Hoy tenía pensado hacer precisamente eso.
Pero no pude.
Ella asimilaba las lecciones como una bola de algodón que absorbe agua.
Tras solo unas pocas demostraciones, aprendió lo básico.
—¿Y ahora qué sigue? —preguntó.
No sé si estoy haciendo lo correcto, y su antepasada me vino a la mente de forma natural mientras la observaba.
Agnes también era un monstruo así.
Cuando la conocí, solo tenía quince años. Una jovencita que no sabía nada, mató a tres hombres con una espada en su primer intento.
Adelia heredó los mismos talentos que ella tenía.
Le enseñé algunos movimientos más.
Estos eran movimientos básicos acordes a su condición física actual.
Cortar, apuñalar, tirar.
Ella hizo lo mismo que yo en solo tres intentos.
“¿Su Alteza, el siguiente?”
Los ojos de Adelia suplicaban.
Le enseñé algunas cosas más. También eran conceptos básicos, pero más difíciles para principiantes.
Ella los imitaba como si fueran aburridos.
Sus ojos se volvieron hacia mí de nuevo. Fruncí el ceño.
Cuando vi que realizaba sin esfuerzo los movimientos que le había enseñado, me sentí bastante feliz.
Sin embargo, algo me vino a la mente de repente.
Ella me superará, incondicionalmente.
Tengo que hacerme más fuerte que ella.
La característica de [la servilidad] era la obediencia al fuerte.
Ella no respetaría a alguien más débil que ella.
"Mmm…"
Mientras permanecía allí pensativo, oí una tos. El tío se acercaba.
—¿Por qué? —le pregunté. Pensé que volvería a empezar con sus reproches.
Pero esta vez su actitud fue extraña.
Él observaba a Adelia con una luz en los ojos.
Nunca lo había visto mirarme así.
Sin duda, había sorpresa en sus ojos. O codicia. O ambas cosas.
A mi tío le arden los ojos.
“¿Qué vas a hacer?” Lo bloqueé.
¡Ja! Esos ojos estaban completamente obsesionados.

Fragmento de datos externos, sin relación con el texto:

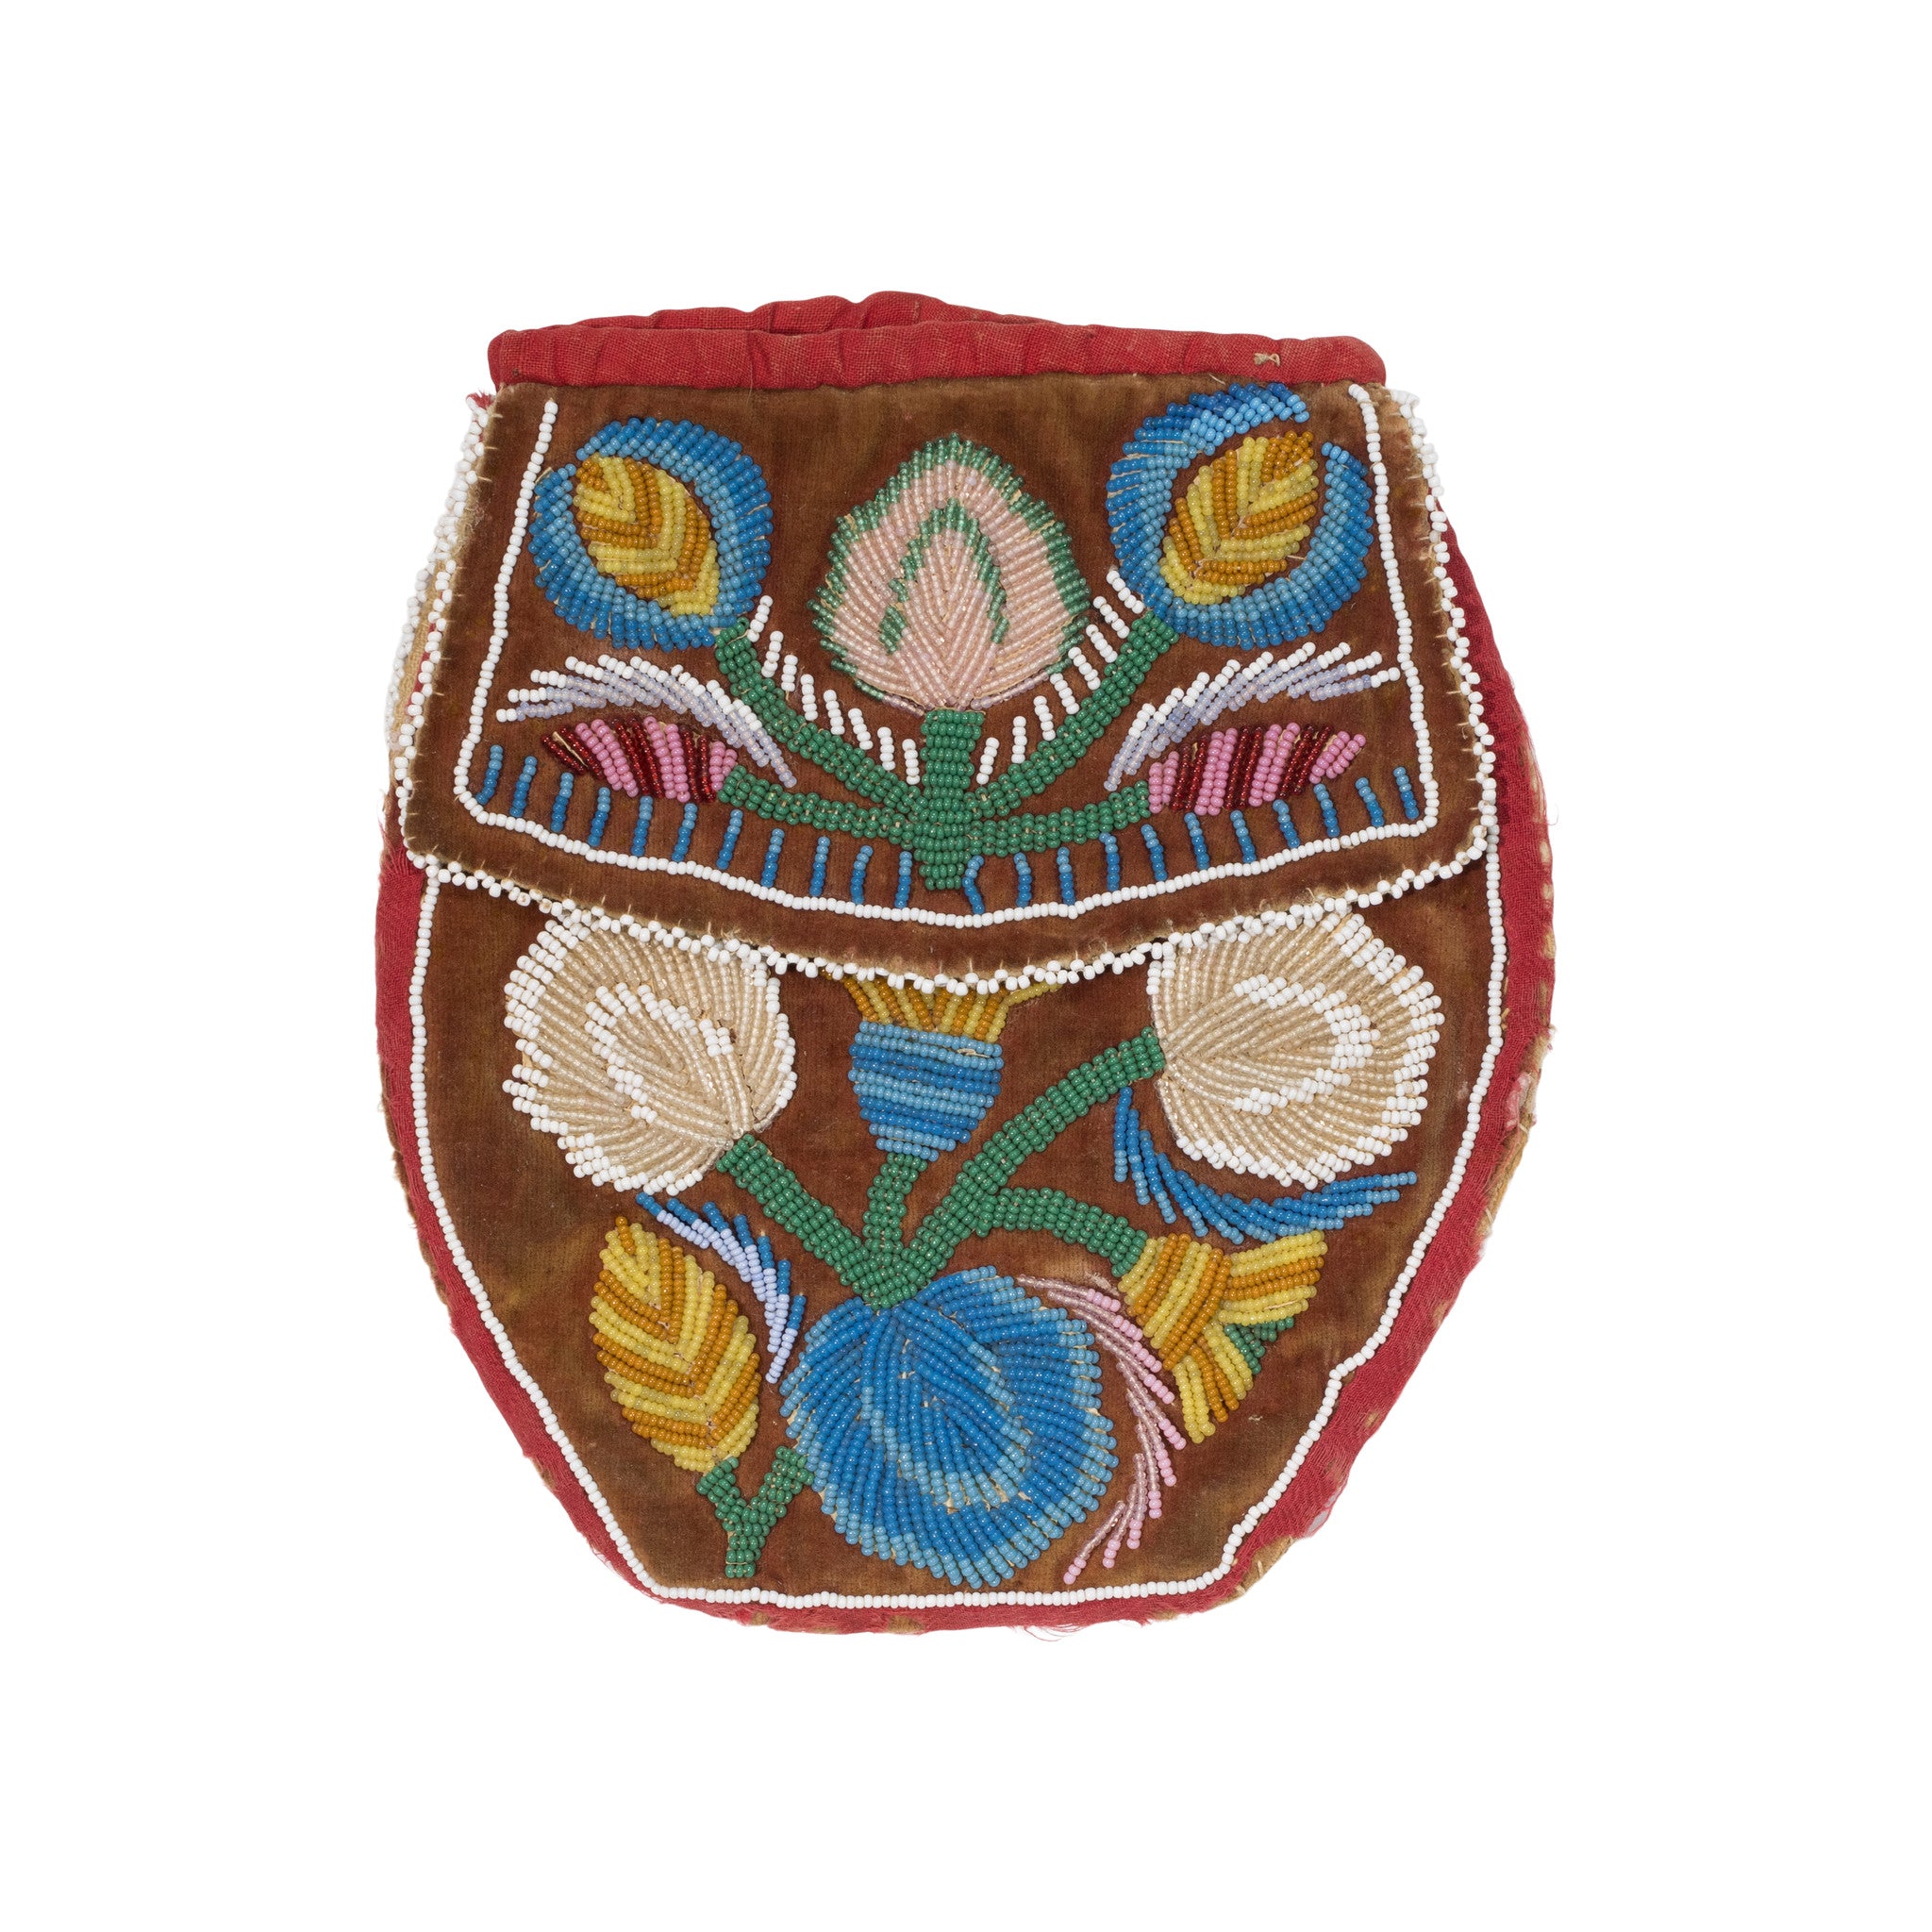 Iroquois Beaded Pouch

Si yo tenía la capacidad de reconocer los talentos de los demás, seguramente mi tío también podía verlos.
No era difícil ver que Adelia era una genio.
Por supuesto, no tenía ninguna intención de dejar que otros le robaran su talento.

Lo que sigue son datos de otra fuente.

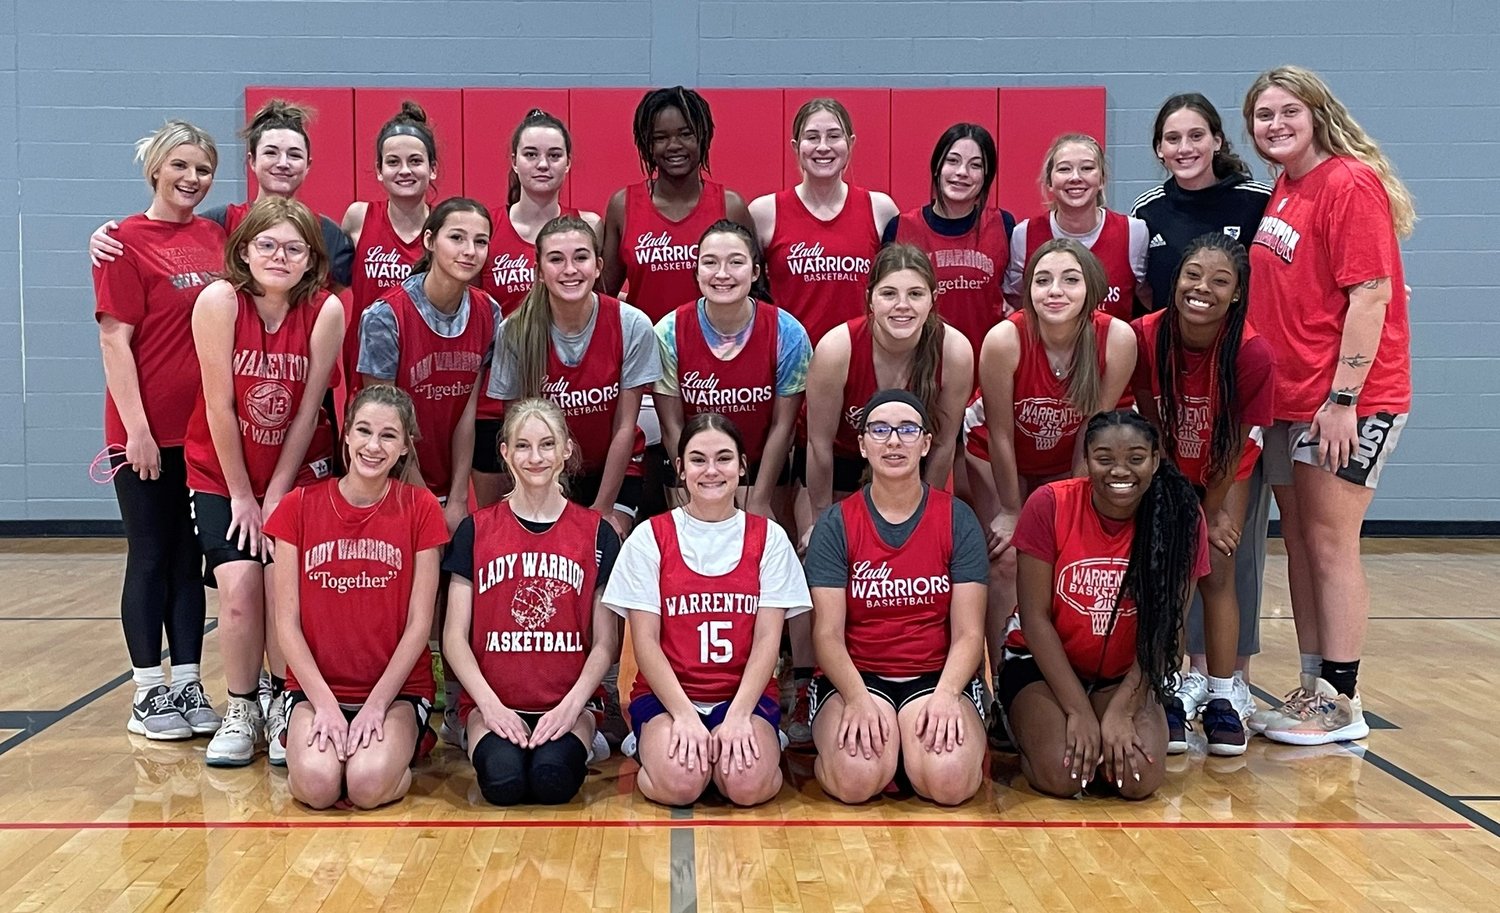 Members of the Warrenton girls basketball team are, front row, from left:  Makenna Faubion, Natalie Scheibe, Gabrielle Devivo, Rose Renshaw, Mi’cheall Thomas. Middle row, from left: Kimberly Huellewig, Alyssa Adams, Isabel Benke, Kylie Overkamp, Erin Klasing, Abbigail Nehring, Nyasia Love. Back row, from left: Head coach Hannah Logan, Audrey Payne, Kendall Taylor, Zoe Klaus, Nevaeh Hill, Kaelyn Meyer, Zoe Duncan, Anna Wade, Assistant coach Brooke Smith, Assistant coach Kayla Nelson. Not pictured: Sophi Mueller, Savannah Miller, Emma Ducan, Aniyah Hoper.

“Ella es mi caballero”, le dije a mi tío.
Frunció el ceño. "¿Qué puedes hacerle?"
Solo llevo unos meses entrenando con la espada; sus ojos parecían mirar hacia afuera.

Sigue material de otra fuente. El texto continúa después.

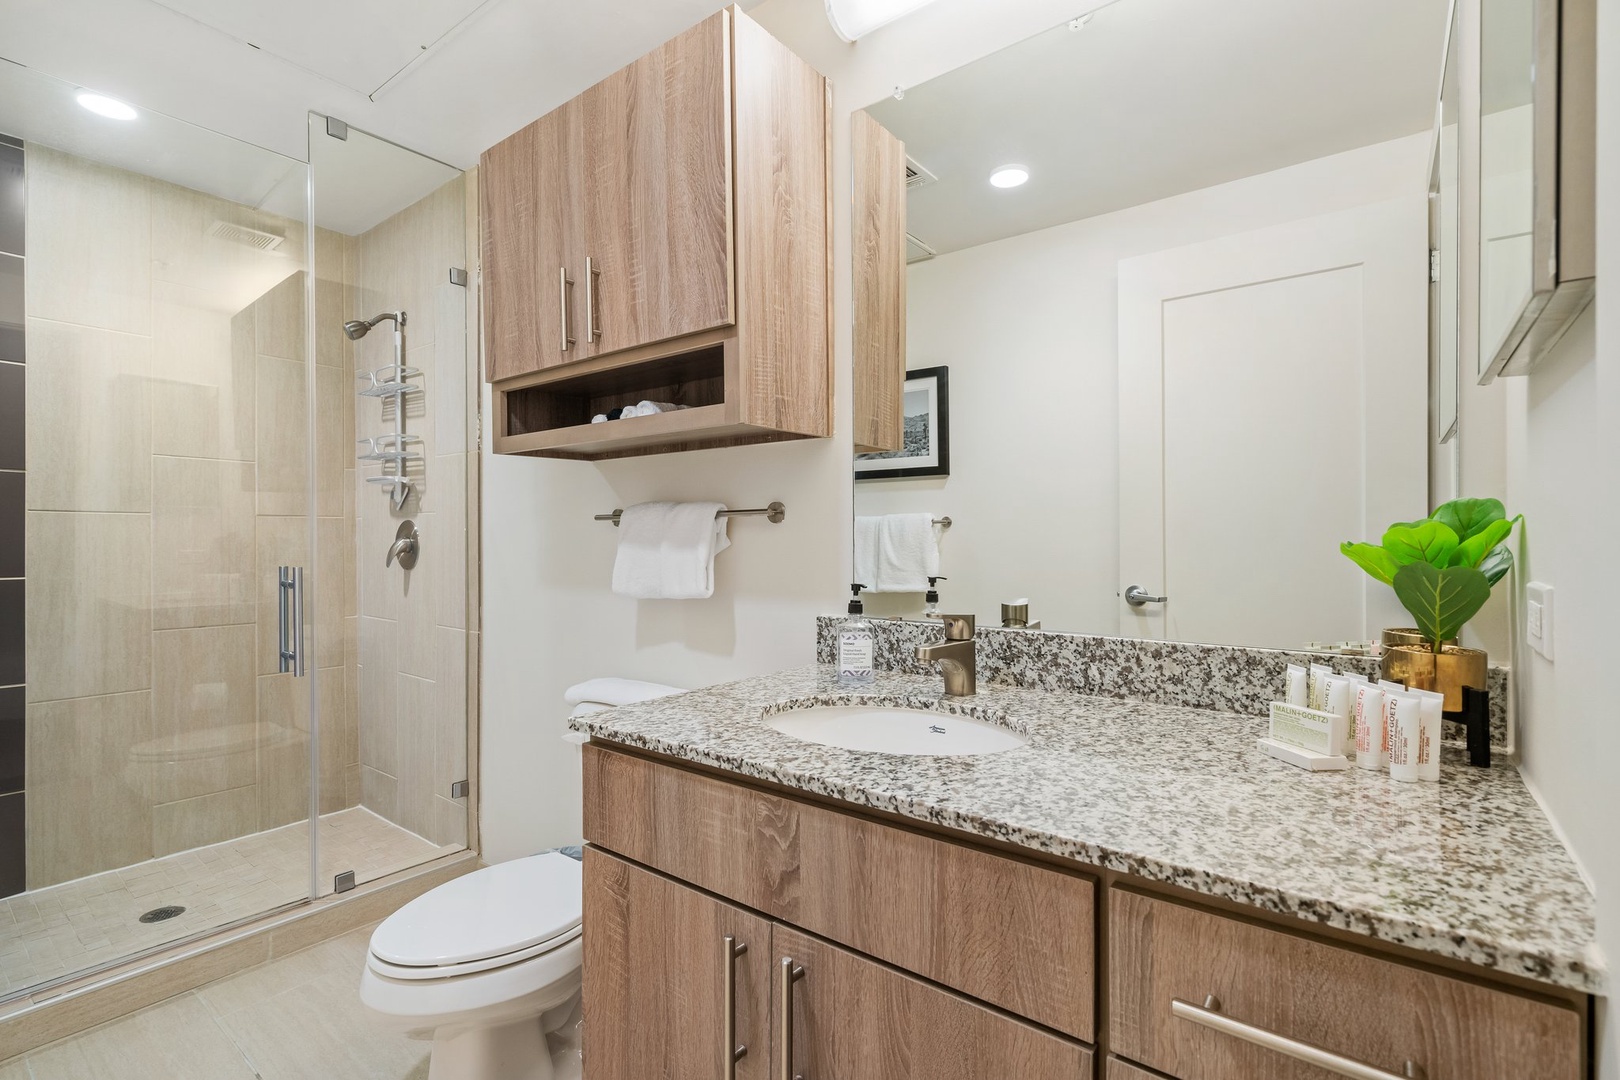 Freshen up in the sleek bathroom with complimentary toiletries.

—No puedes permitírtela —dijo sin rodeos.
Me reí.
“Si yo no puedo con ella, nadie más podrá.”
—Estás loco —susurró el tío con voz firme.
Era lo suficientemente silencioso como para que los caballeros de la corte no lo notaran, pero lo suficientemente fuerte como para doblegar la voluntad de un hombre.
Si yo hubiera sido el Primer Príncipe de antaño, habría dimitido rápidamente, incluso temblando.
Pero yo no era un desastre como él.
“Ella es mía.”
Le devolví la mirada.
Tengo el cuerpo débil de un príncipe, pero el alma de una espada que mató a un dragón y a innumerables seres más.